Snowflake isn’t built on top of any existing database or “Big Data” software platforms like Hadoop. Snowflake, on the other hand, combines a cutting-edge Cloud Architecture with a brand-new SQL query engine. Users get all of the features and capabilities of an enterprise analytic database, plus a lot more, with Snowflake.
Key Features of Snowflake
Snowflake as a Software as a Service (SaaS) solution has the following features:
- Snowflake enables you to break down silos and ensure that everyone in your organization has access to relevant data, leading in better data-driven decision-making. This is a critical first step toward improving partner relationships, optimizing pricing, lowering operational costs, and increasing sales effectiveness, among other things.
- Snowflake allows you to improve the quality and speed of your analytics by switching from nightly Batch Loads to Real-time Data Streams.
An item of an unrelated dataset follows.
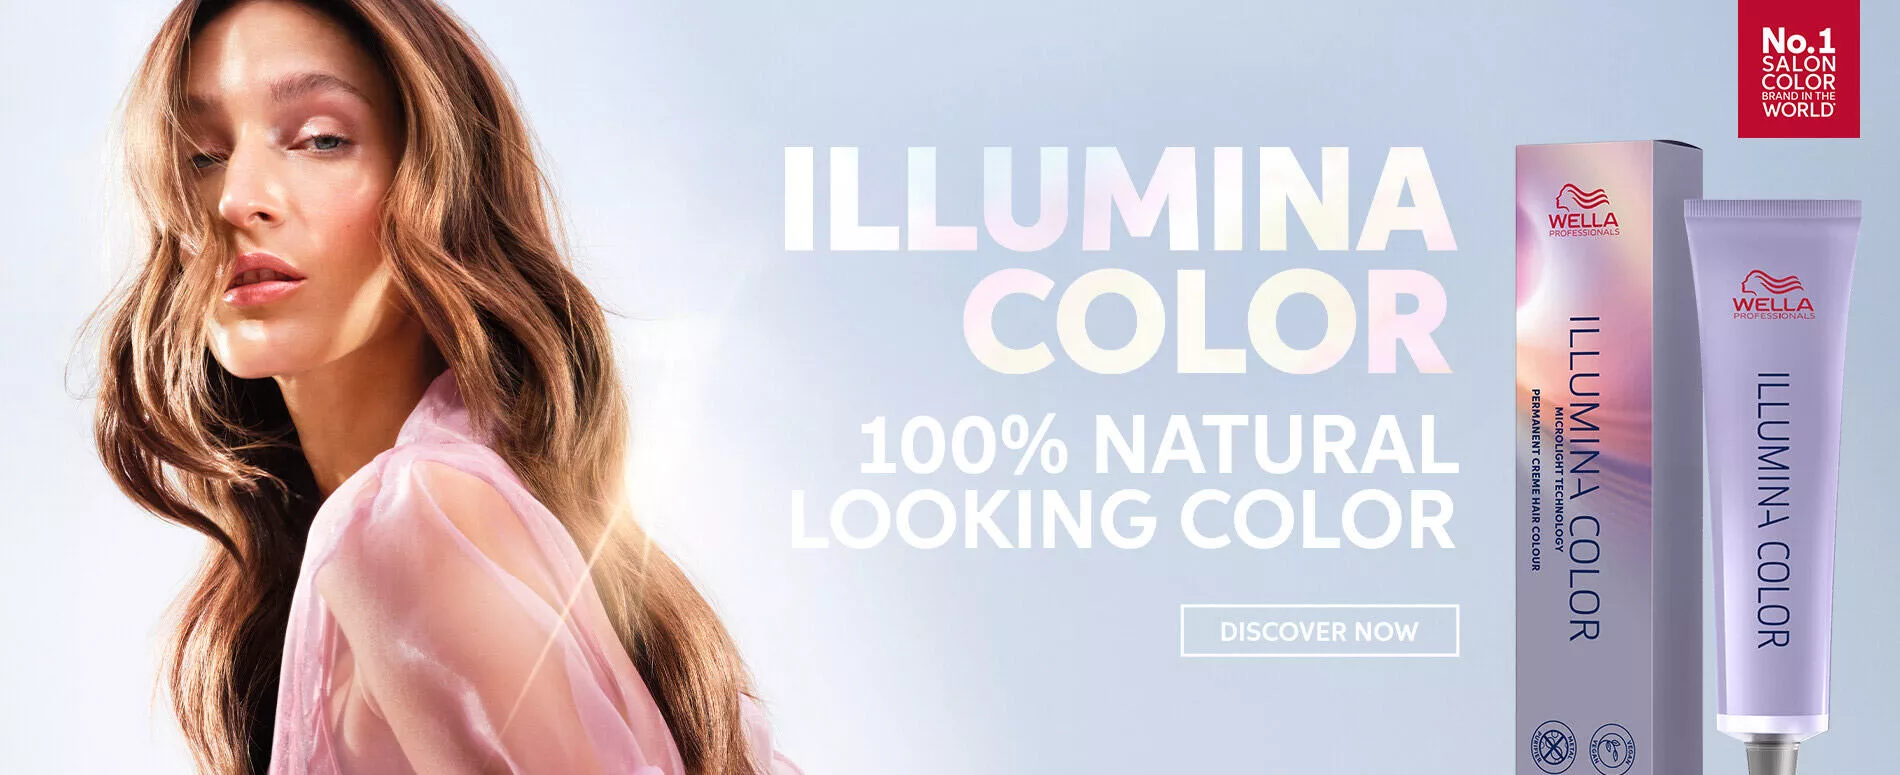 Μοντέλο με ανοιχτά καστανά κυματιστά μαλλιά δίπλα στις φωτογραφίες του 100% φυσικού προϊόντος μαλλιών, Illumina Color από τη Wella Professionals

- The Caching Paradigm is used by Snowflake to deliver cache results quickly.
- You can use Snowflake to better understand customer behavior and product usage.
- Snowflake gives you the ability to build your own Data Exchange, allowing you to securely communicate live, controlled data.
What is Kafka?
Apache Kafka is a widely used Distributed Data Streaming platform that enables the creation of real-time event-driven applications. Kafka is a free, open-source application that lets you store, read, and analyze data streams.
Kafka is a distributed system that can run as a cluster across numerous machines. Users can obtain high throughput, minimal latency, great compute power, and more by leveraging its distributed nature, and can manage massive volumes of data with no discernible lag in performance.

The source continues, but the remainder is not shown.